Data from the National Bureau of Statistics has said that Nigeria imported 28.9 billion litres of petrol among other petroleum products in 2019. The Petroleum Products Imports and Consumption Statistics Report 2019 showed that 20.89 billion litres of Premium Motor Spirit, 5.15 billion litres of Automotive Gas Oil, 128.11 million litres of Household Kerosene, 1.07 billion litres of Aviation Turbine Kerosene, 45.98 million litres of Low Pour Fuel Oil and 526.06 milliom litres of Liquefied Petroleum Gas, were imported into the country in full year 2019. Meanwhile, the Minister of State for Petroleum Resources, Timipre Slyva said the Federal Executive Council on Wednesday approved ₦2.9 billion for the provision of water and fire service equipment in the National Oil and Gas Park to be sited in Odukpani, Cross River. The Minister said this at the end of the second session of the virtual meeting of the FEC coordinated from the Council Chamber of the State House, Abuja. The project, Sylva said, when completed, will provide an additional infrastructural facility for the manufacturing of oil and gas components for the sector and boost economic activities in Cross River. The oil and gas scheme is to provide an environment, a corridor for citing industries that would produce components locally for the oil and gas industry.

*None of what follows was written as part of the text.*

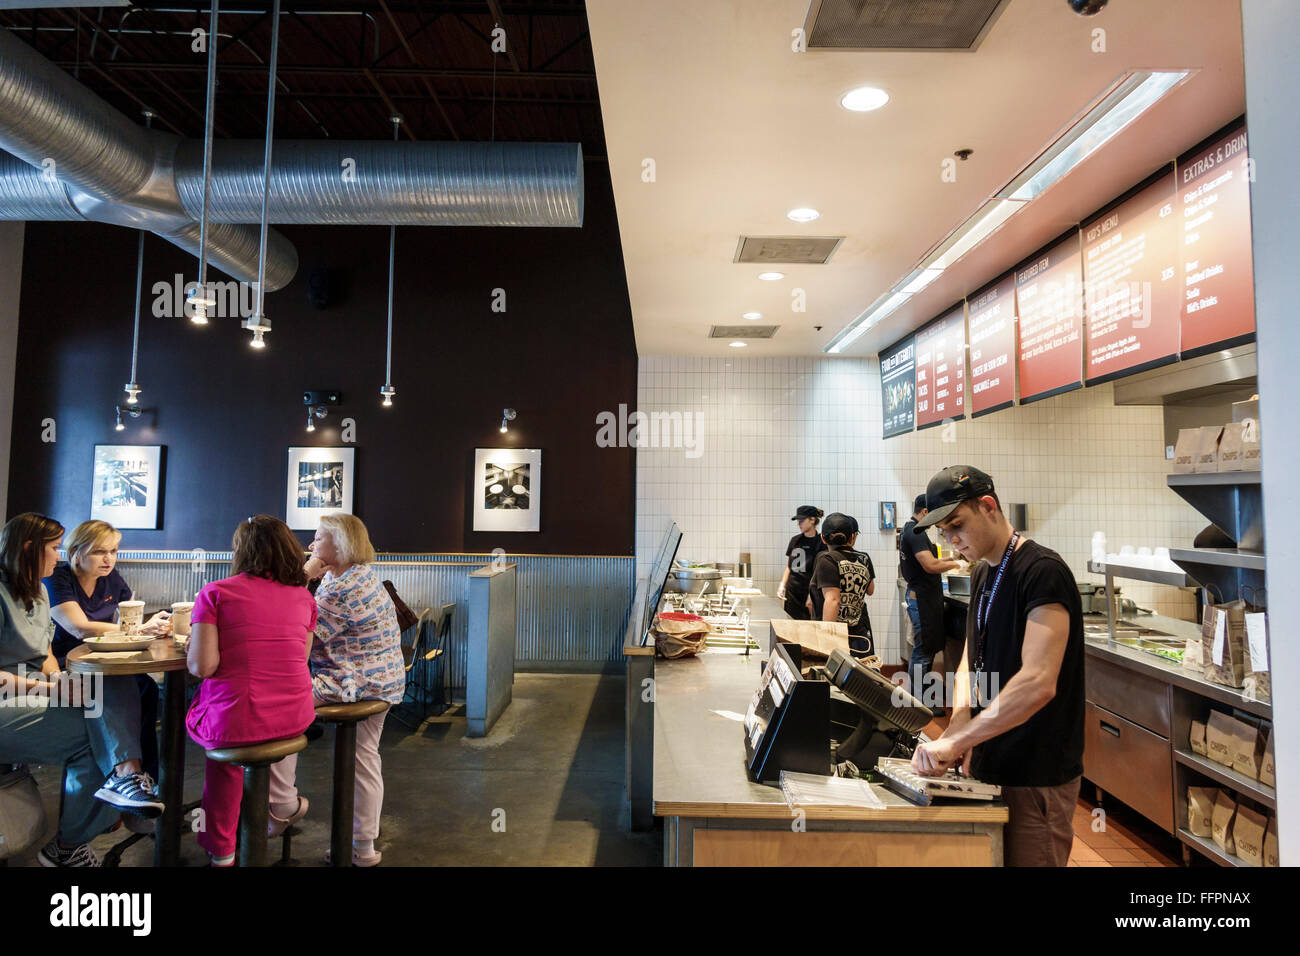 Florida South,Port St. Saint Lucie,Chipotle,restaurant restaurants food dining cafe cafes,Mexican,food,interior inside,counter,cashier,adult,adults,ma Stock Photo

Data from Baker Hughes and OPEC has shown that active oil rigs in Nigeria have reduced by 23.8 percent to 16 in April amid the collapse in oil prices and demand as a result of the coronavirus pandemic. The report said that the country’s rig count stood at 21 in March while it recorded the second-biggest decline in the number of rigs among its peers in OPEC in April, after Venezuela, whose rig count plunged by 11 to 14. Rig count in Iraq dropped by four to 70; fell by three in the United Arab Emirates to 65; and dipped by two in Gabon to six. But Algeria’s rigs rose by eight to 42, while those of Kuwait and Saudi Arabia rose by four and two to 54 and 116 respectively. Rig count is largely a reflection of the level of exploration, development and production activities occurring in the oil and gas sector. The slump in oil prices caused by the coronavirus pandemic has forced many companies, including international oil companies, operating in the Nigerian oil industry to slash their capital budgets and suspend some projects. According to the CEO of International Energy Services, Diran Fawibe, the oil service sector will be badly affected since there is no way the oil companies will make use of service companies that have suspended or cancelled projects including those by international oil companies. The president, Nigerian Association of Petroleum Explorationists, Alex Tarka, had said that rates for oil rigs were already being renegotiated downwards as members are already feeling the impact because quite a reasonable number of them depend on these drilling operations to sustain their businesses. One of the major independent firms, Seplat, said in March that it was looking to cut costs by at least 30% to counter a crash in crude prices. The CEO of Eroton, Ebiaho Emafo, said in April that the firm had suspended a planned $1.5 billion, 50-well campaign to more than double output to 100,000 barrels per day by 2021. Royal Dutch Shell, among others, on the other hand, had said it would reduce capital spending to $20 billion for 2020 from its previously planned $25 billion, while ExxonMobil cut its budget by $10 billion to $23 billion.